Data supplied:
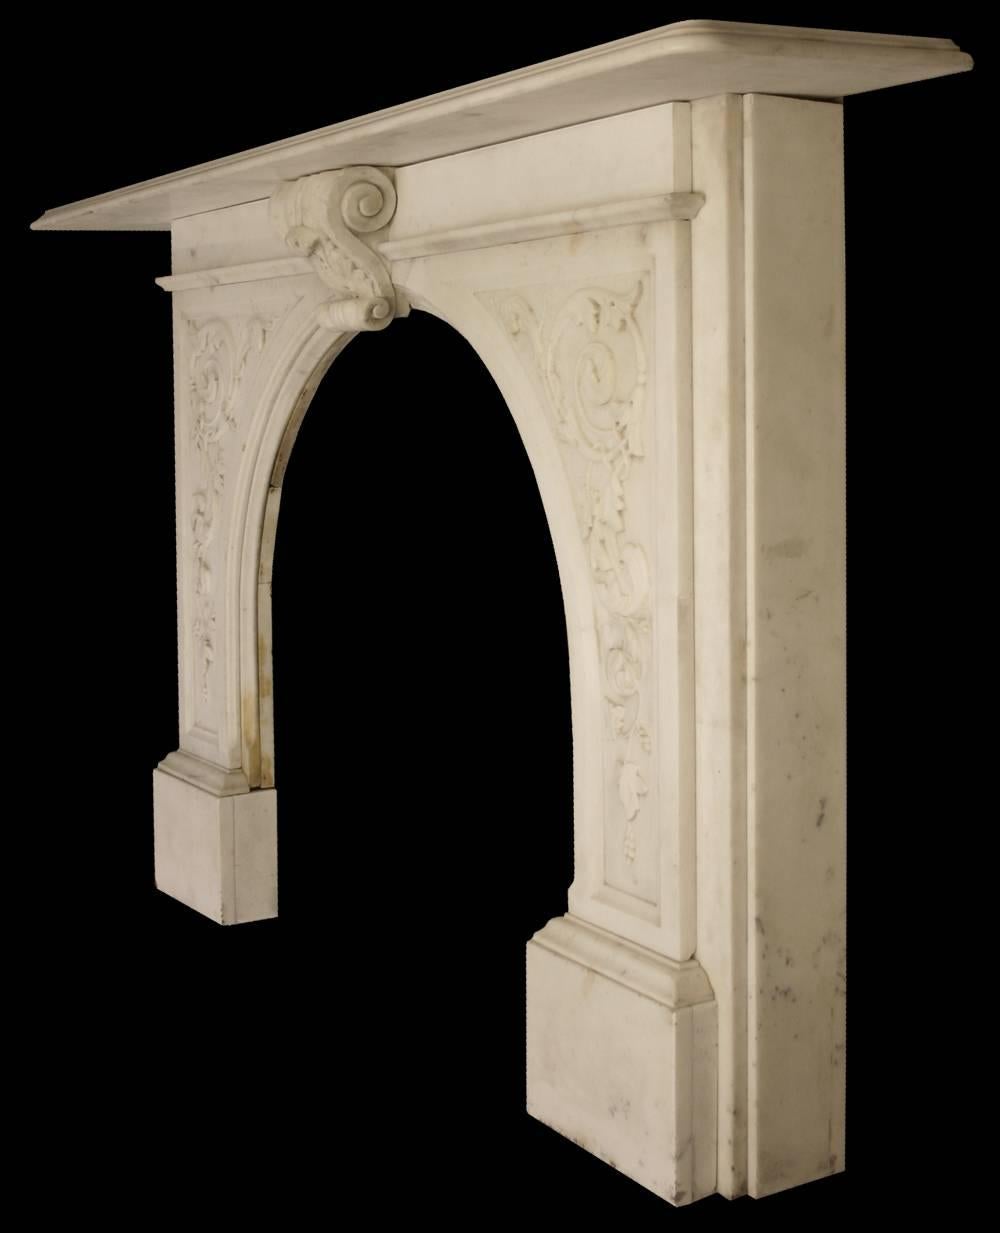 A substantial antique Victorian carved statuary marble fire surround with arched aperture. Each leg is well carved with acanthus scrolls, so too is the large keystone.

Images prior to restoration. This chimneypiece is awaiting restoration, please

--

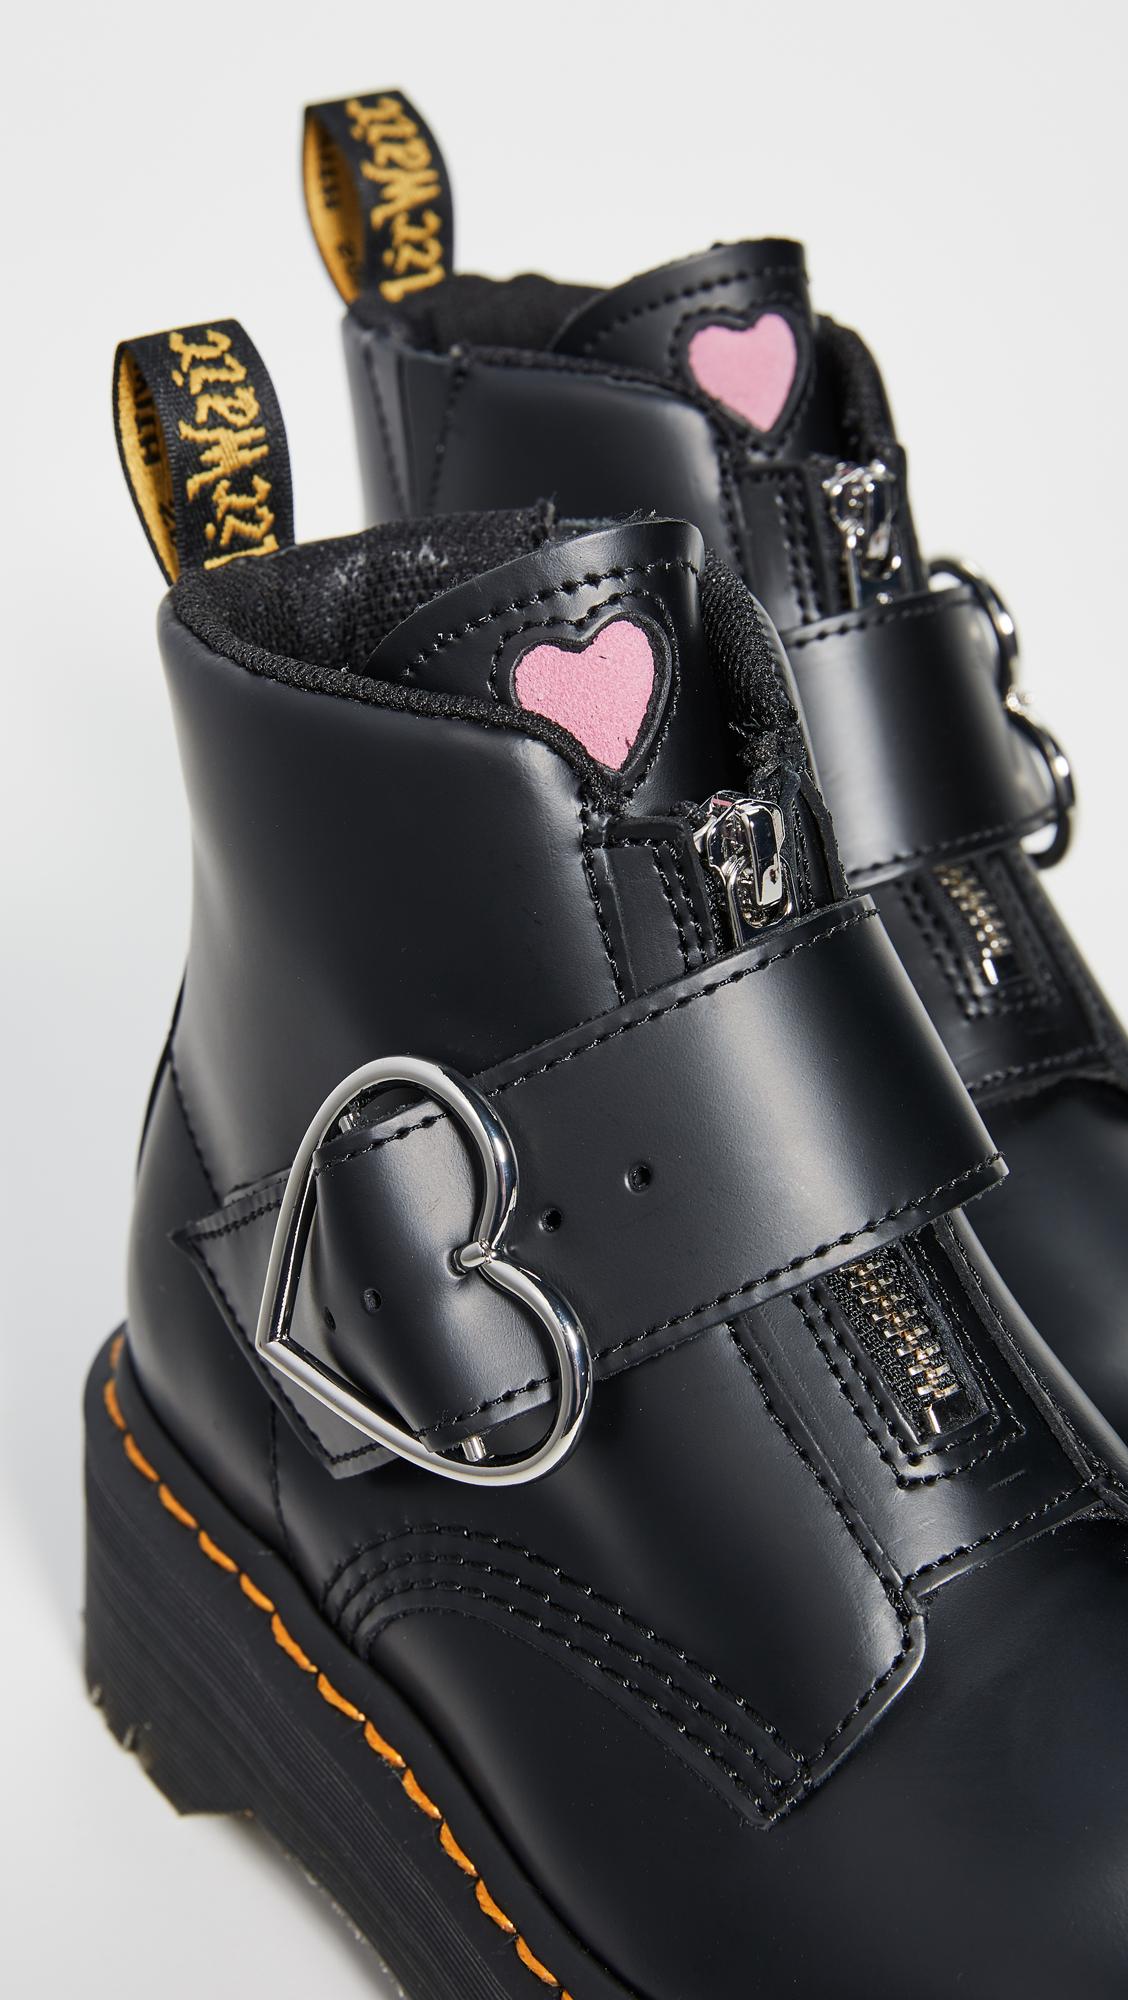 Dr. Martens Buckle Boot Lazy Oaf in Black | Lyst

==

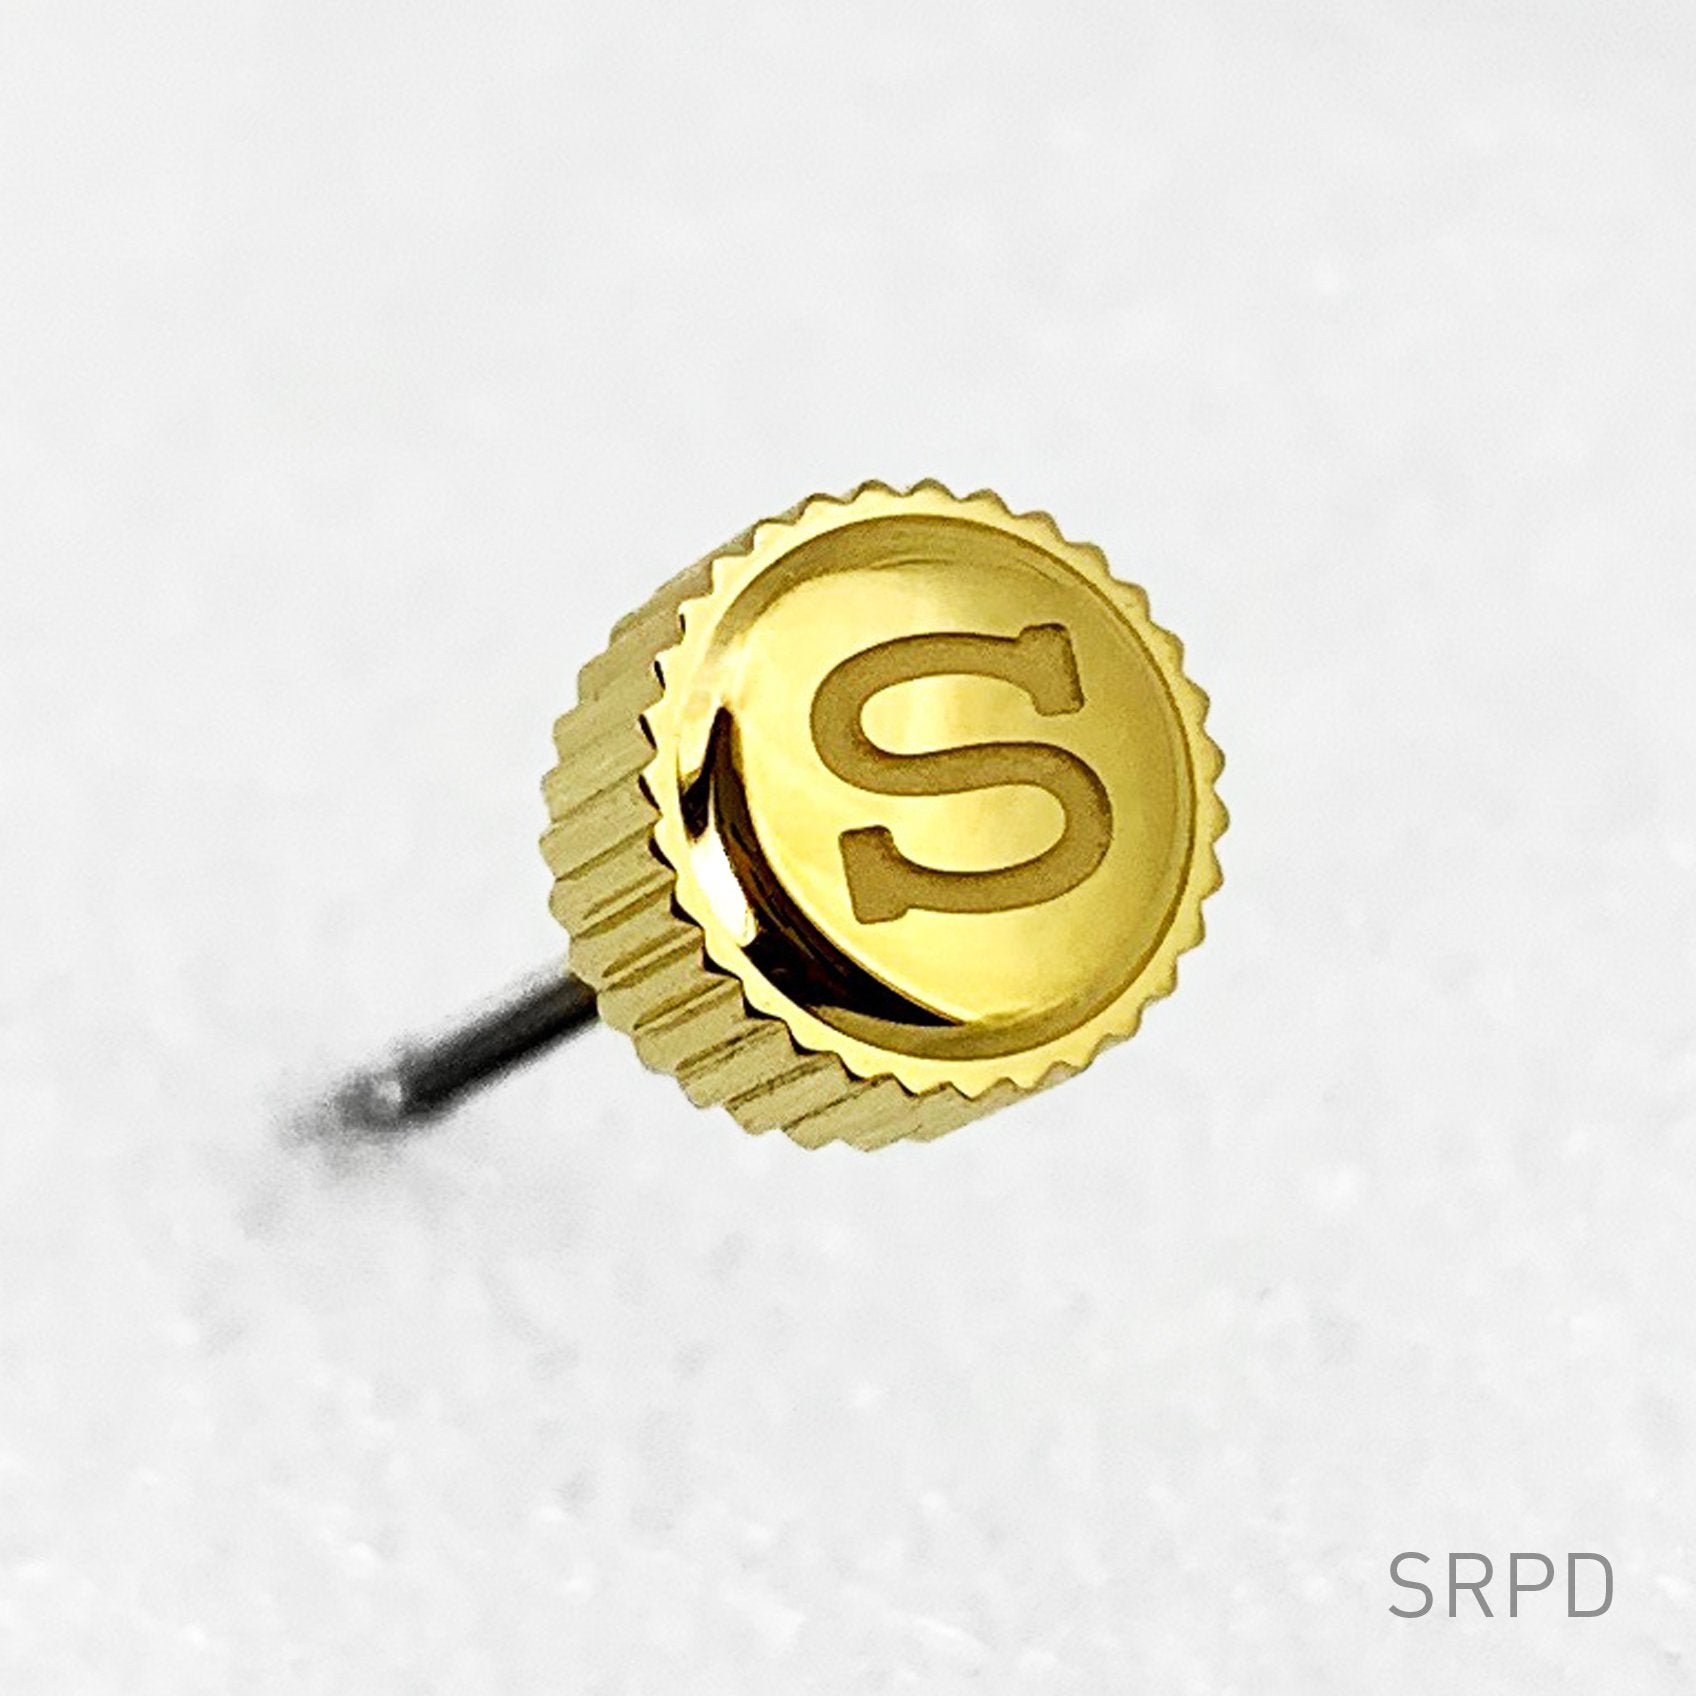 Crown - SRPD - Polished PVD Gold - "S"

Work item: Give back exactly the lines above from the one with "A substantial antique" through the one with "Images prior to", both included. Pictures don't belong in the copy.

Your response:
 A substantial antique Victorian carved statuary marble fire surround with arched aperture. Each leg is well carved with acanthus scrolls, so too is the large keystone.

Images prior to restoration. This chimneypiece is awaiting restoration, please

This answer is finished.